Considering that the weakening of the ruble observed in recent months is only due to increased consumer demand, which is not so much but exacerbated by excessive lending, raising the key rate to even higher levels alone may not lead to a sustainable recovery. Ruble, Babin said. This was explained by the continuing foreign exchange shortage caused by the decline in export earnings, the lack of return to the country, and also the impediment of friendly countries’ export payments in rubles and illiquid currencies.

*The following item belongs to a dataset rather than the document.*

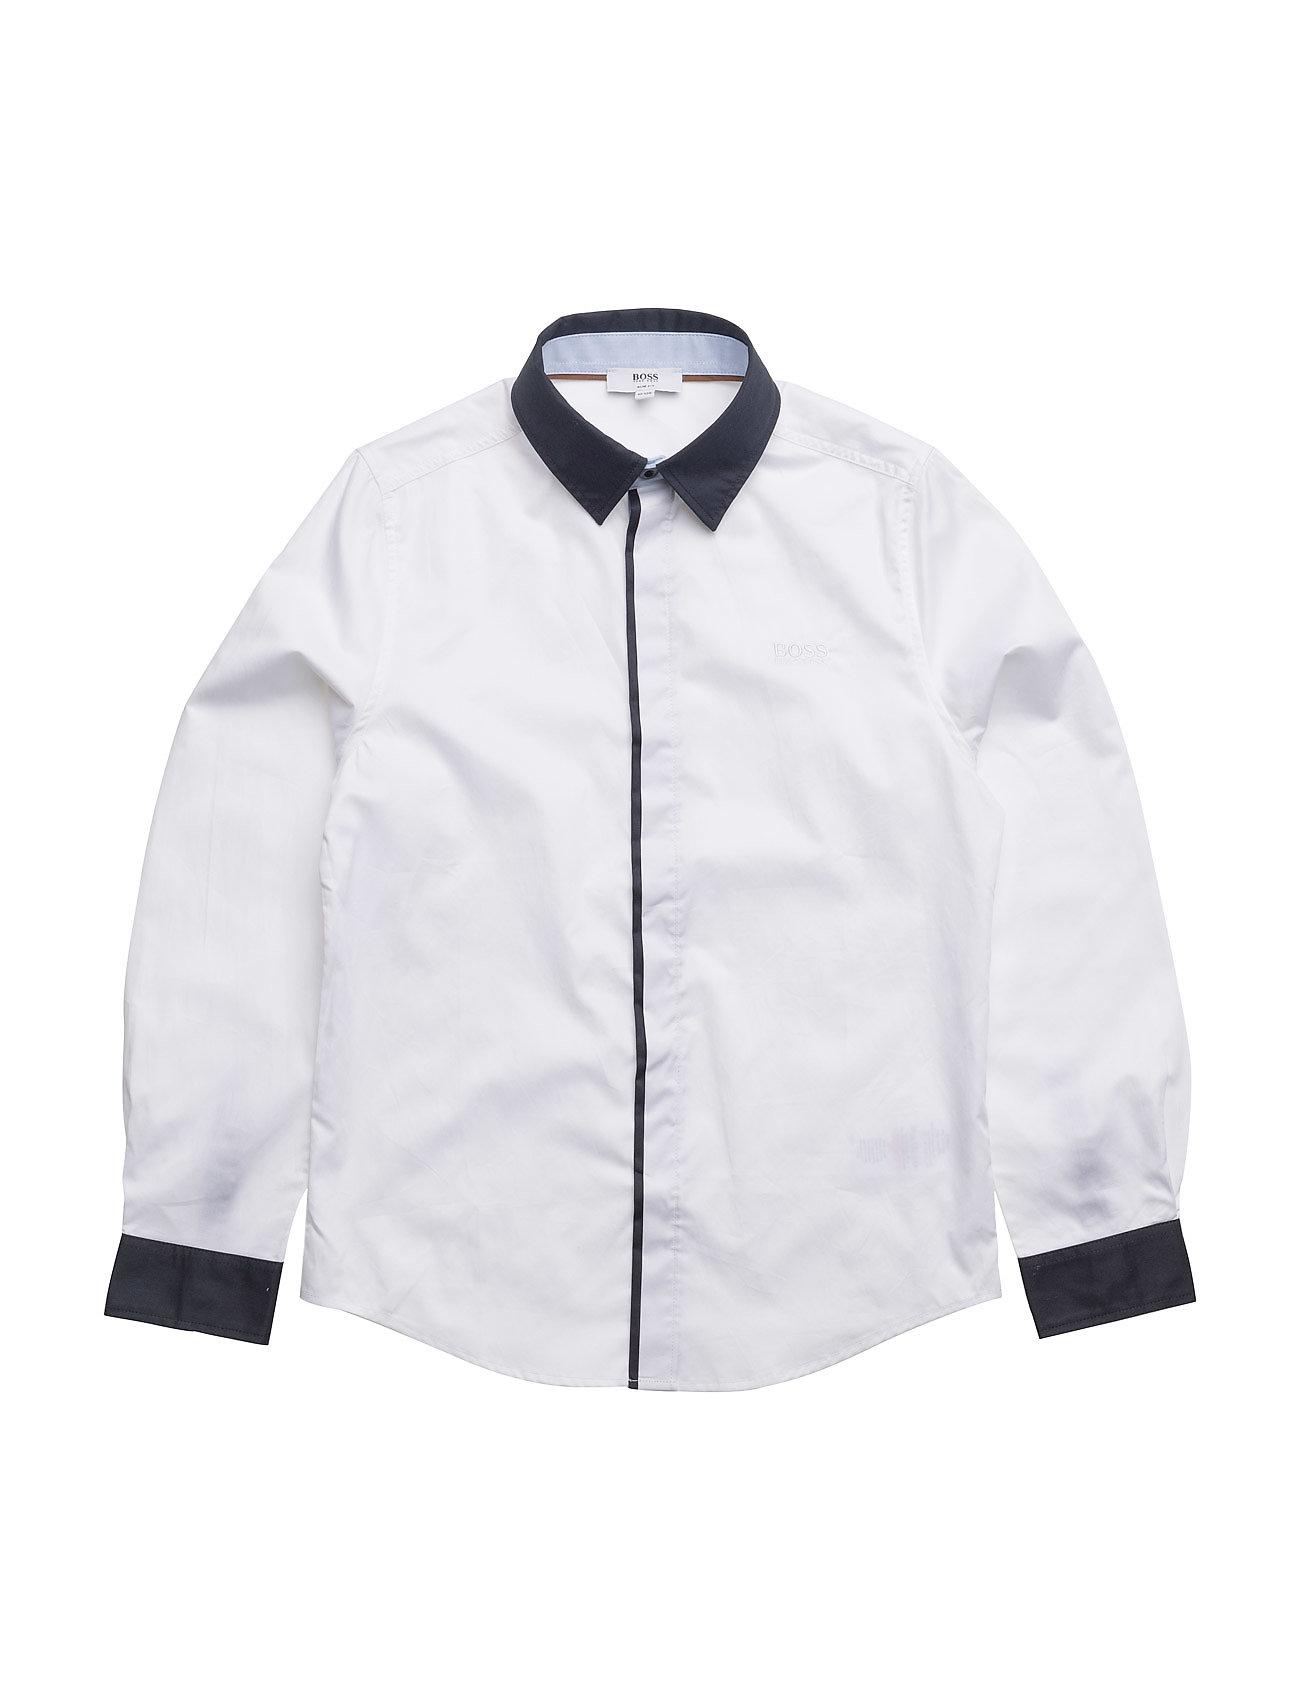 Long Sleeved Shirt BOSS  til Børn i hvid
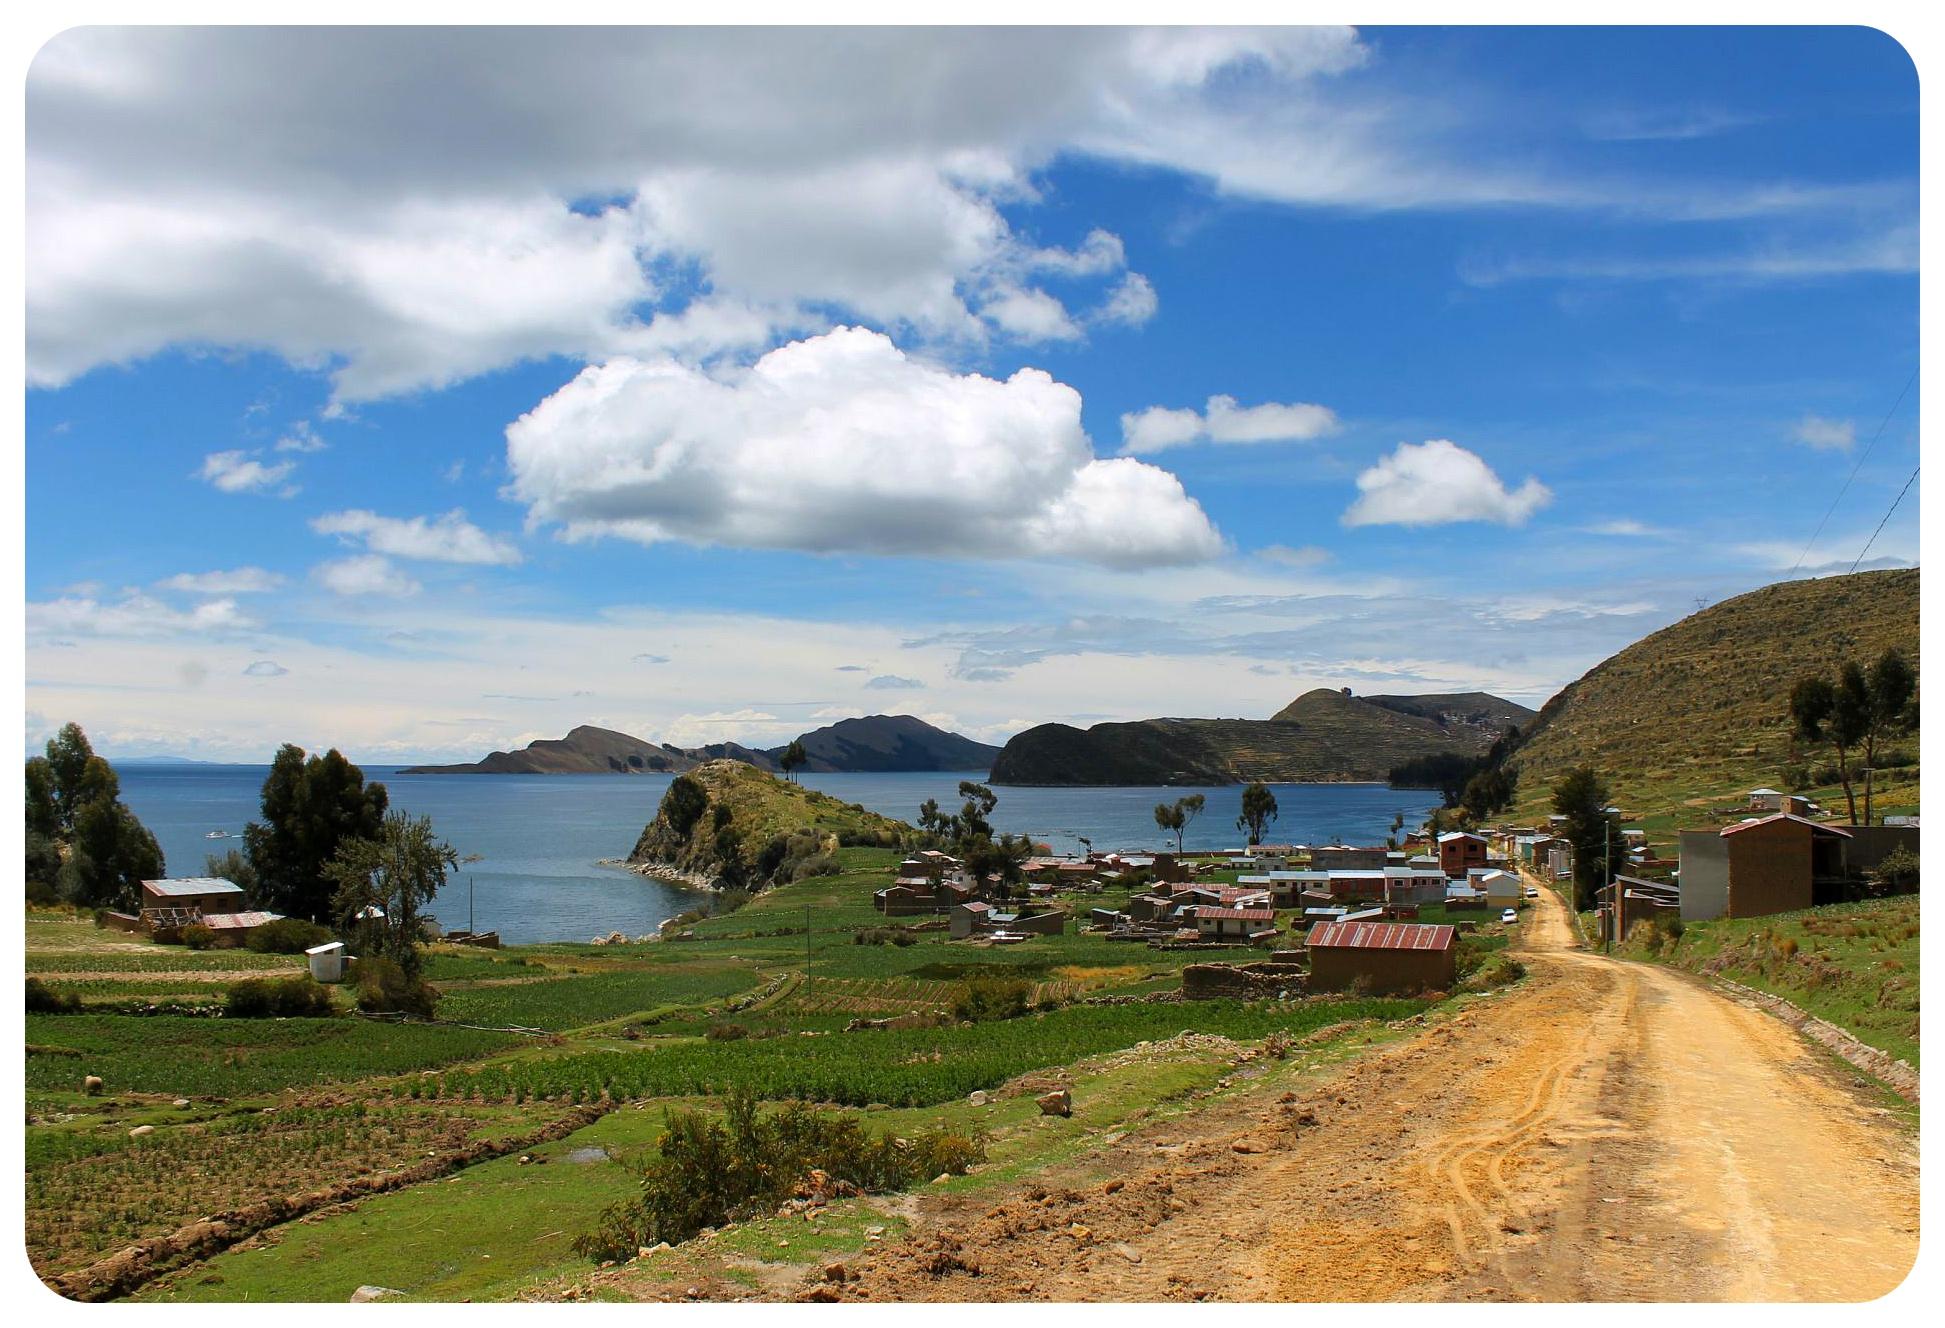 lake titicaca yampupata road

“The situation is getting worse with the steady outflow of important capital. All these factors are weakly dependent on the level of interest rates in the economy. The ruble can still be bolstered as the next tax period approaches. Unlike previous months, where this factor kept the ruble from a steady depreciation for a while, this time the impact of exporters’ financial payments could be more tangible. For this purpose, they can sell more foreign currency due to the increase in oil prices since the end of July.

On Tuesday, on the eve of the Central Bank’s extraordinary meeting at a key rate, the ruble exchange rate opened and then strengthened for a while. In the Moscow Stock Exchange auction, for the first time since the beginning of the month, the dollar reached 92.6 rubles and the euro reached 104 rubles. But after the regulator’s decision, the national currency went into decline. The dollar was trading at 98 rubles, the euro – 107 rubles. According to the exchange at 15:30 Moscow time, the dollar is 98.25 rubles, the euro – 107.2325 rubles.

Formerly socialbites.ca saidHow a sharp increase in the key rate will affect the life of Russians.